Exactly the lines from the one with "He came to america" through the end of the material are to be output, both included, with no other text.

● Source data
※ ※ ※
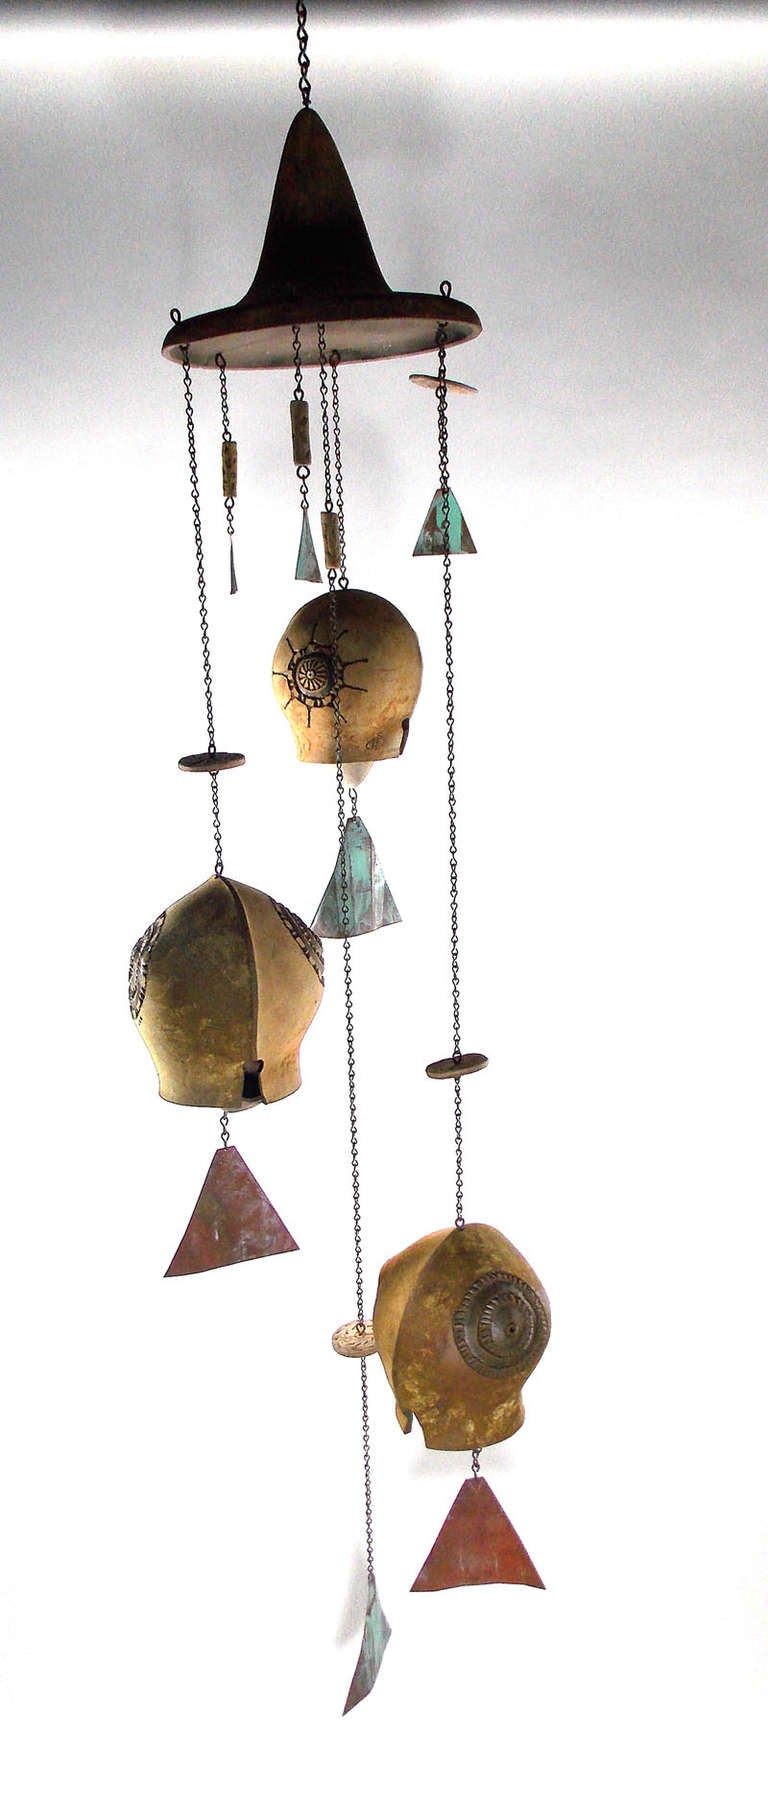 Paolo Soleri was an architect,urban designer,artist and craftsman.
He came to america in 1945,taking a fellowship withFrank LLoyd Wright in 1947.
This is an early and superior wind chime crafted at C.A.S. (Ceramica Artistica Solimene)
Ceramic and
※ ※ ※
● Reply
He came to america in 1945,taking a fellowship withFrank LLoyd Wright in 1947.
This is an early and superior wind chime crafted at C.A.S. (Ceramica Artistica Solimene)
Ceramic and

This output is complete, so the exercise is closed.